Retype the listing below exactly, pictures removed.

Material provided
┌──
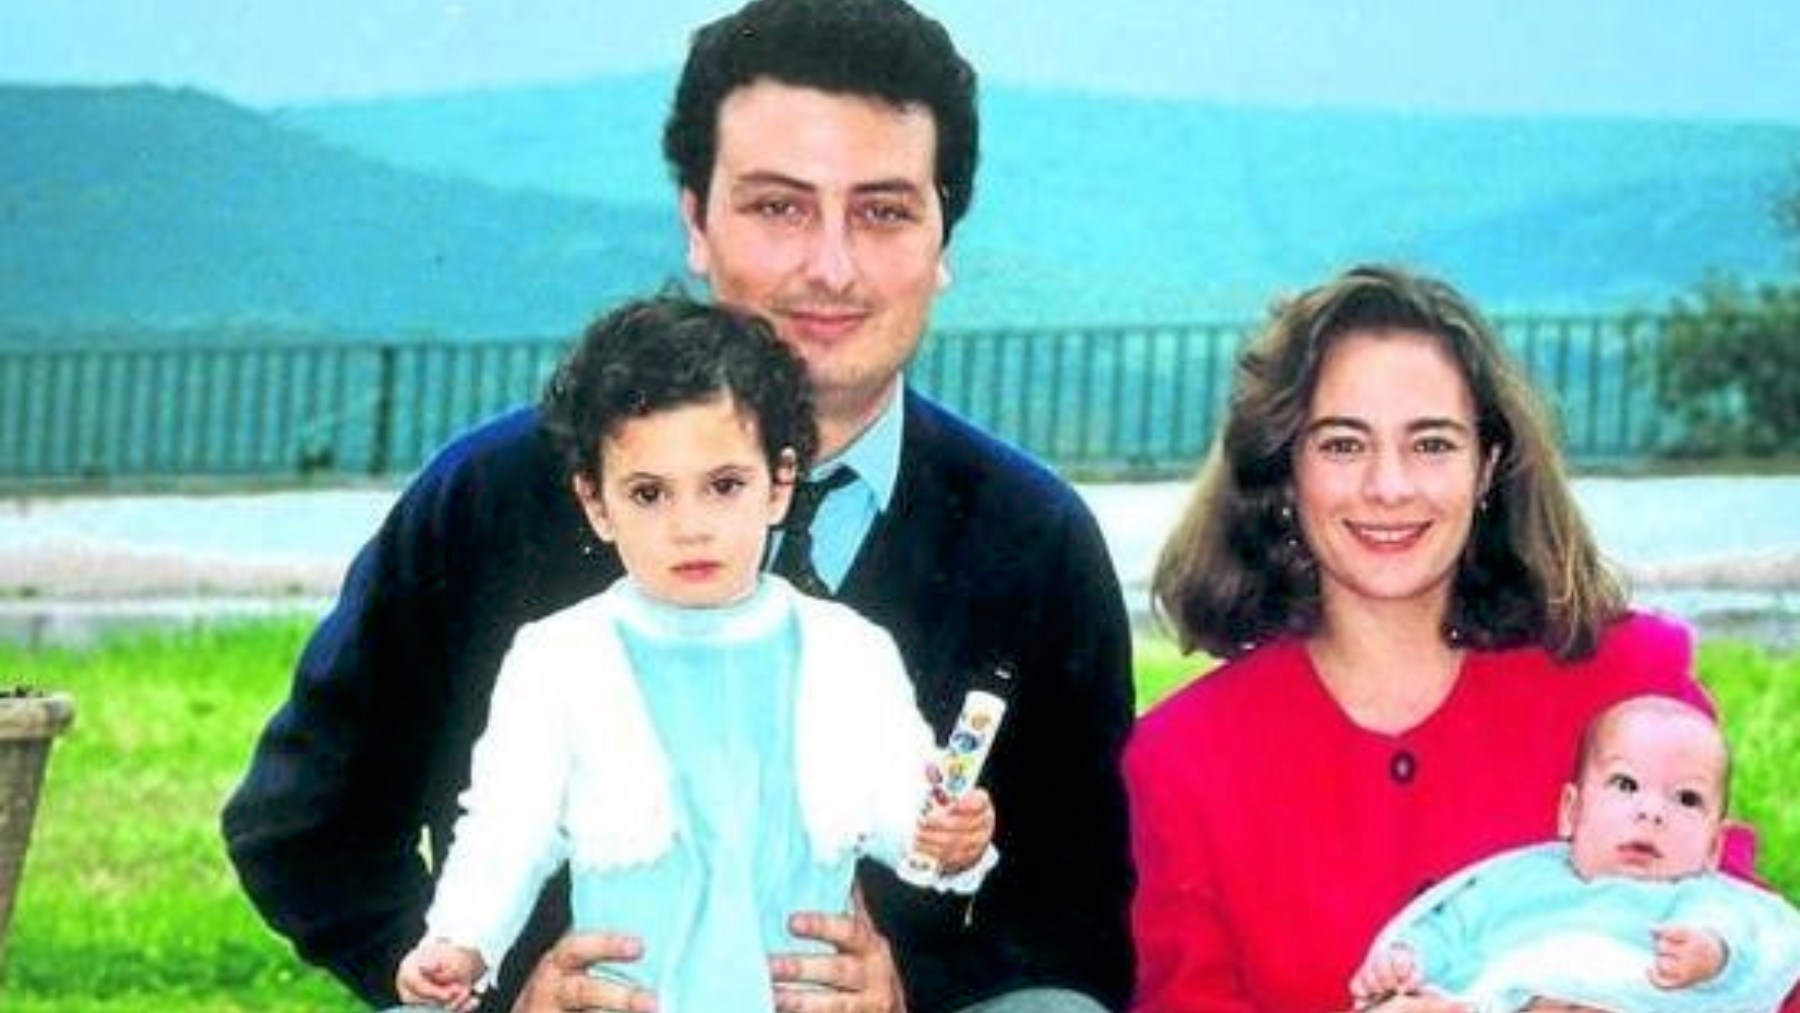 El matrimonio Becerril-García, asesinado por pistoleros de ETA en 1998,
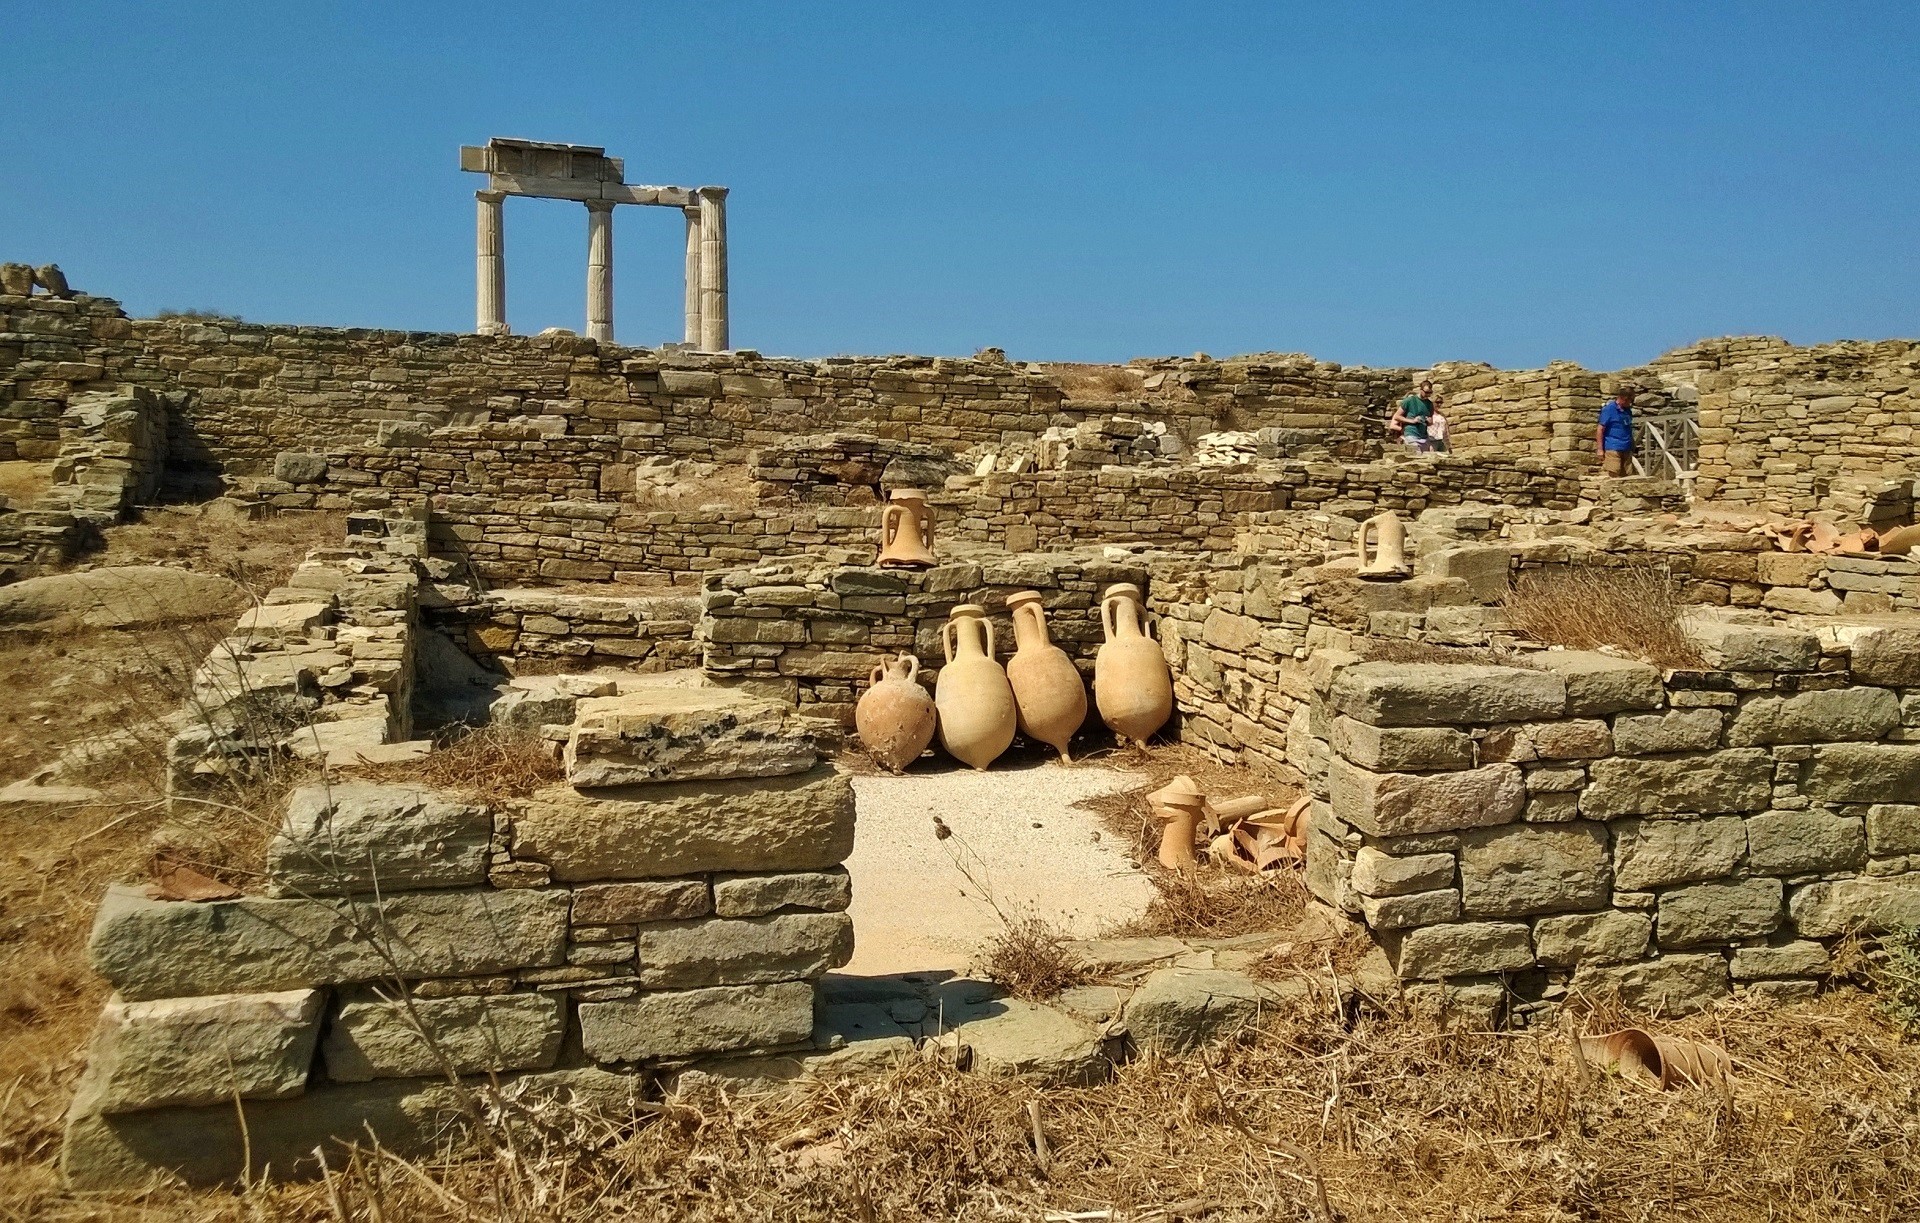 ruiny starożytnego miasta z murami, alejkami, glinianymi dzbanami
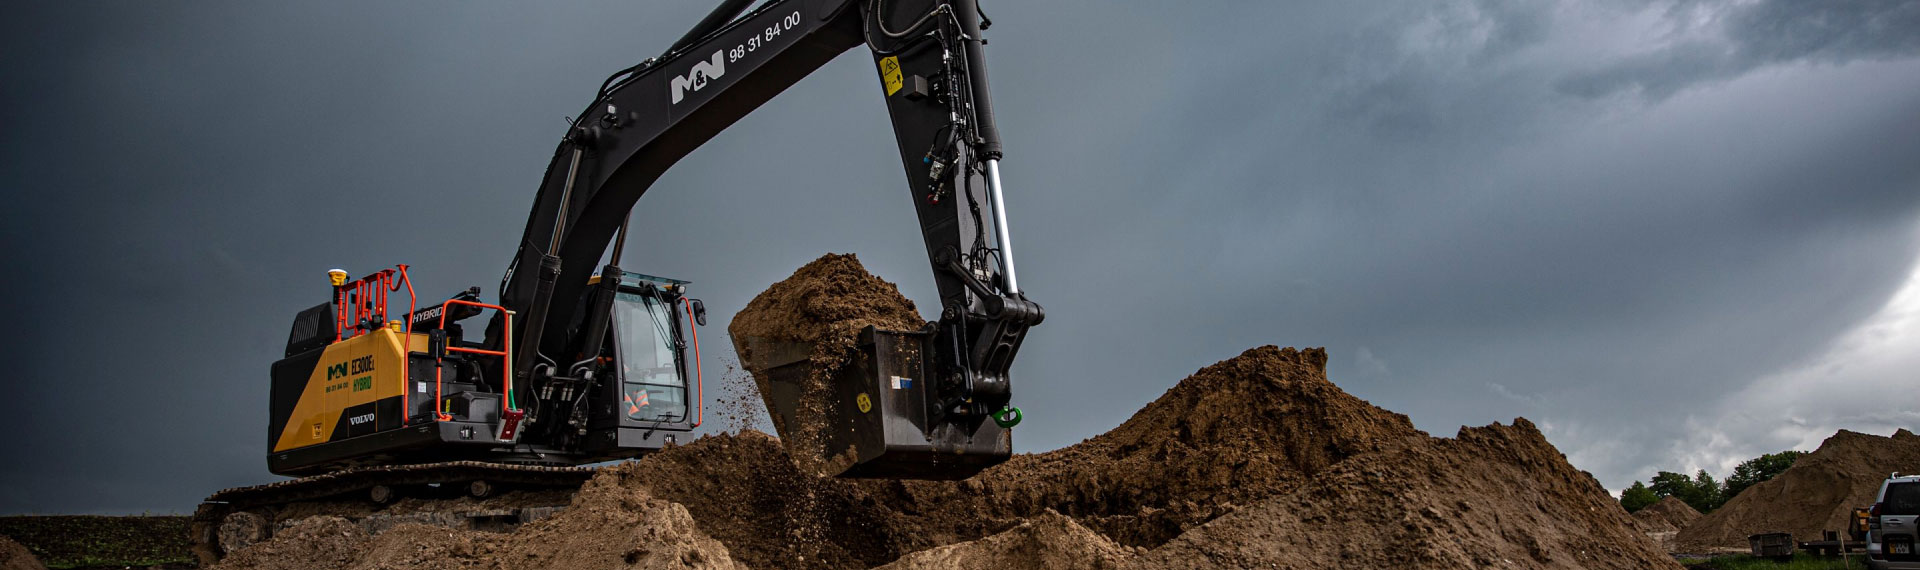 土を掘るHardox® 500 Tuf鋼製の丈夫で軽量な掘削機バケット。
└──
Expected answer
 El matrimonio Becerril-García, asesinado por pistoleros de ETA en 1998,
 ruiny starożytnego miasta z murami, alejkami, glinianymi dzbanami
 土を掘るHardox® 500 Tuf鋼製の丈夫で軽量な掘削機バケット。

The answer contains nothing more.